PROVIDED MATERIAL:
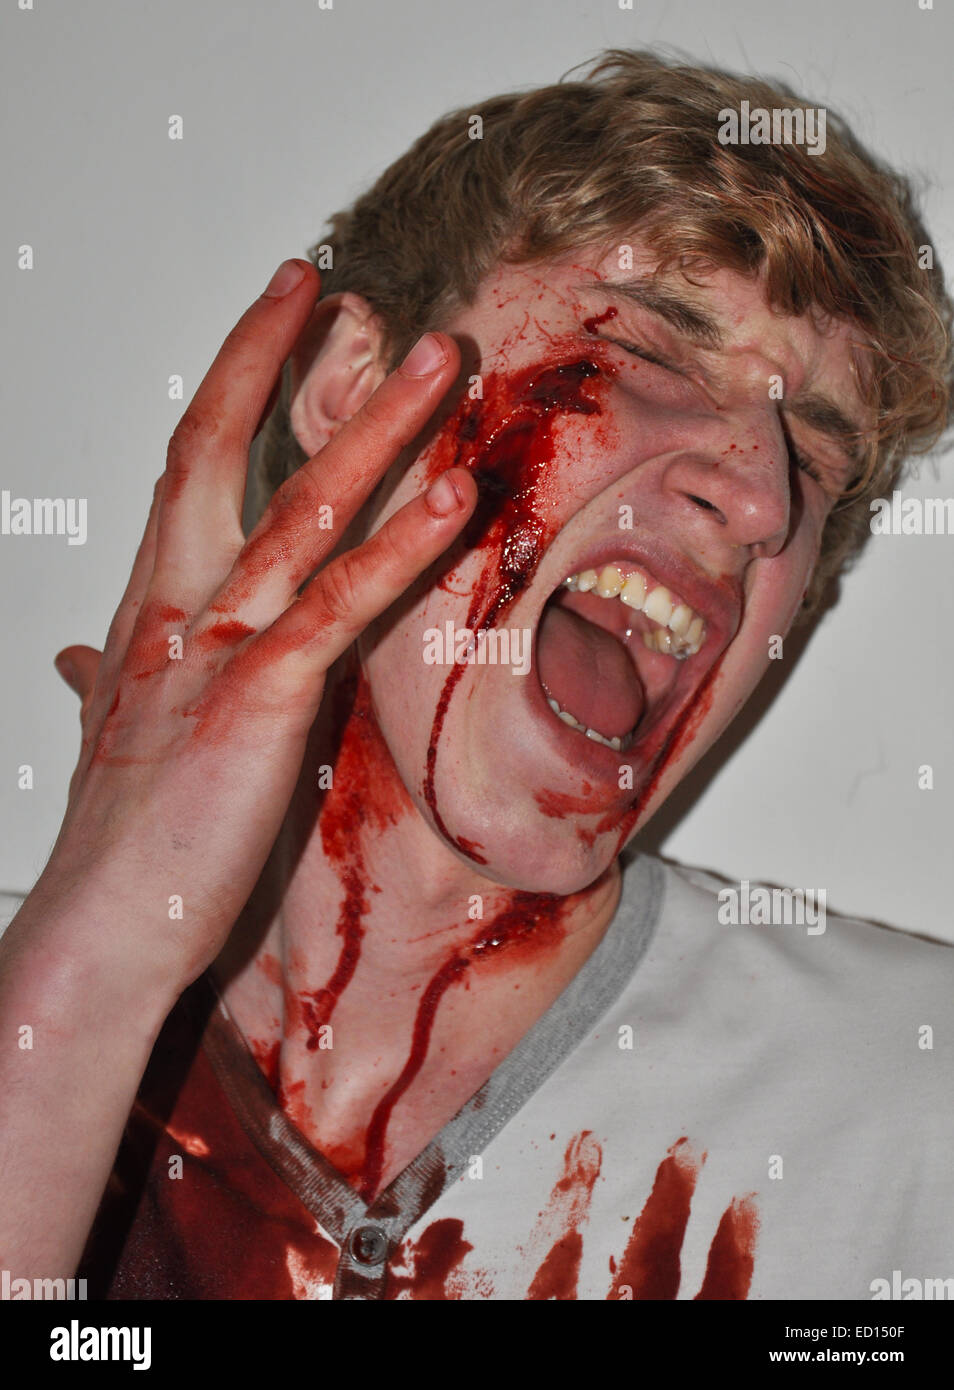 Young teenage boy screaming in pain with blood prosthetics over face Stock Photo
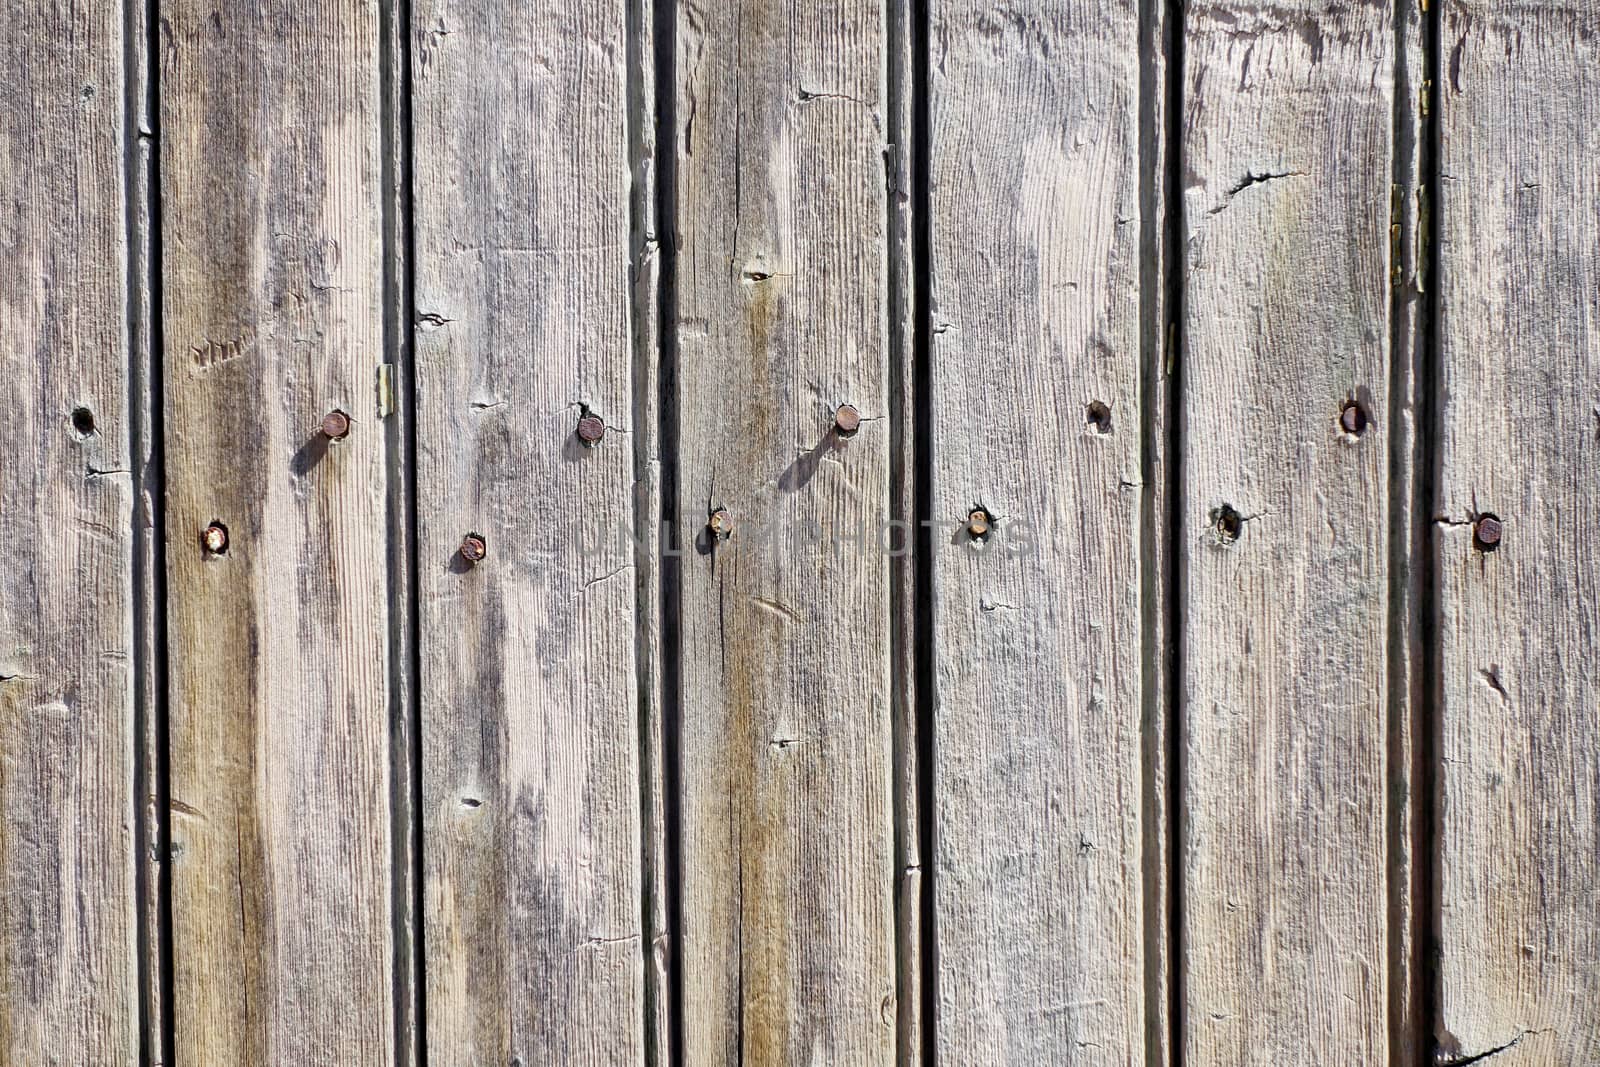 Old rough wood board background texture                               
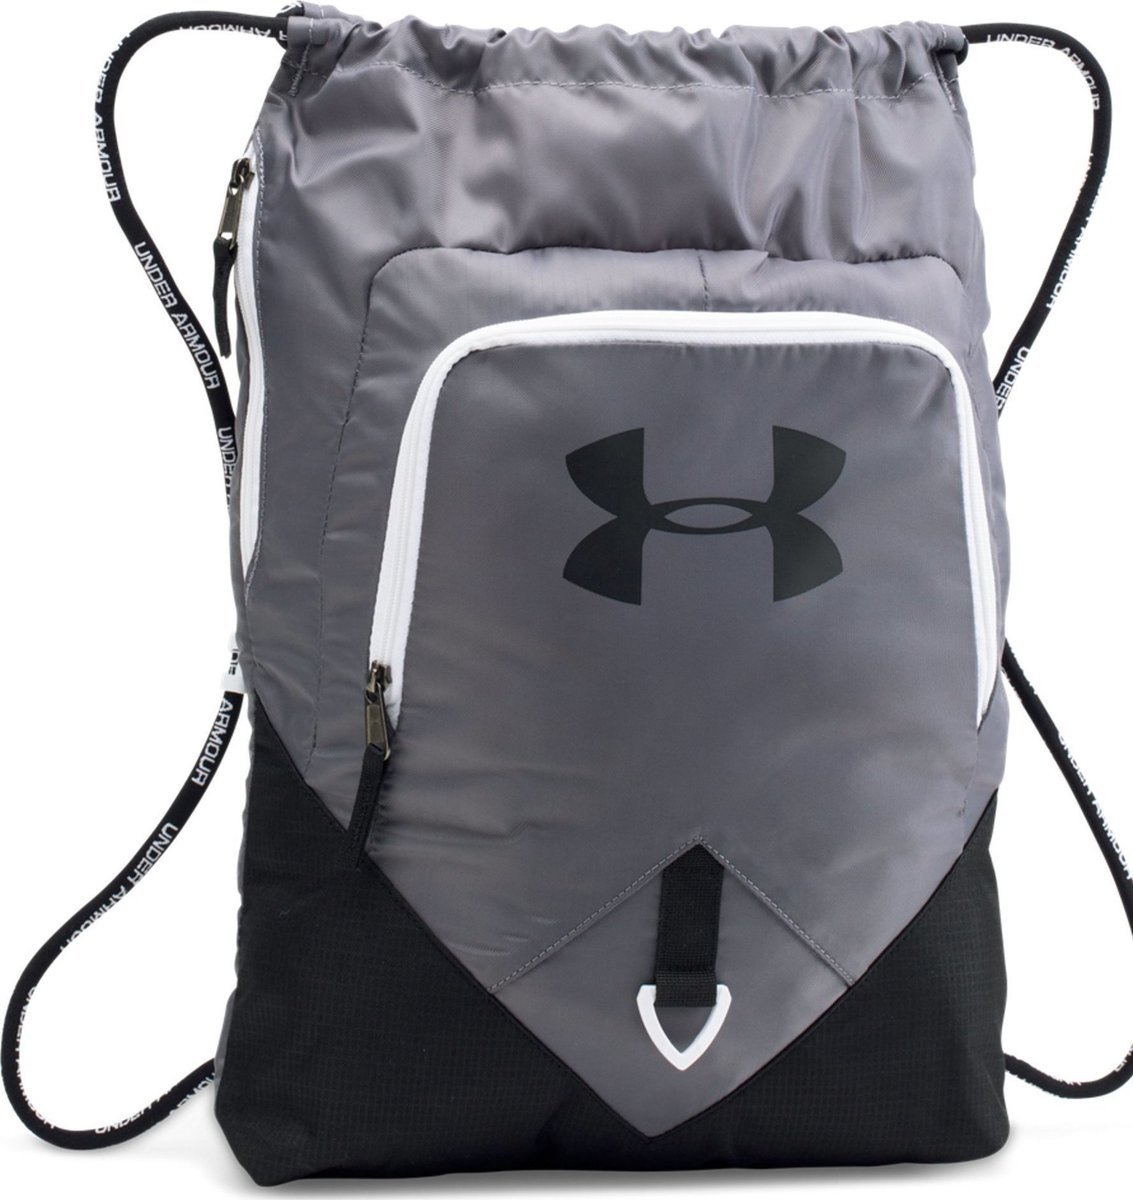 Sportbeutel Under Armour Undeniable Sackpack

WHAT IS EXPECTED: Excluding all images, transcribe the material word for word.

ANSWER:
 Young teenage boy screaming in pain with blood prosthetics over face Stock Photo
 Old rough wood board background texture                               
 Sportbeutel Under Armour Undeniable Sackpack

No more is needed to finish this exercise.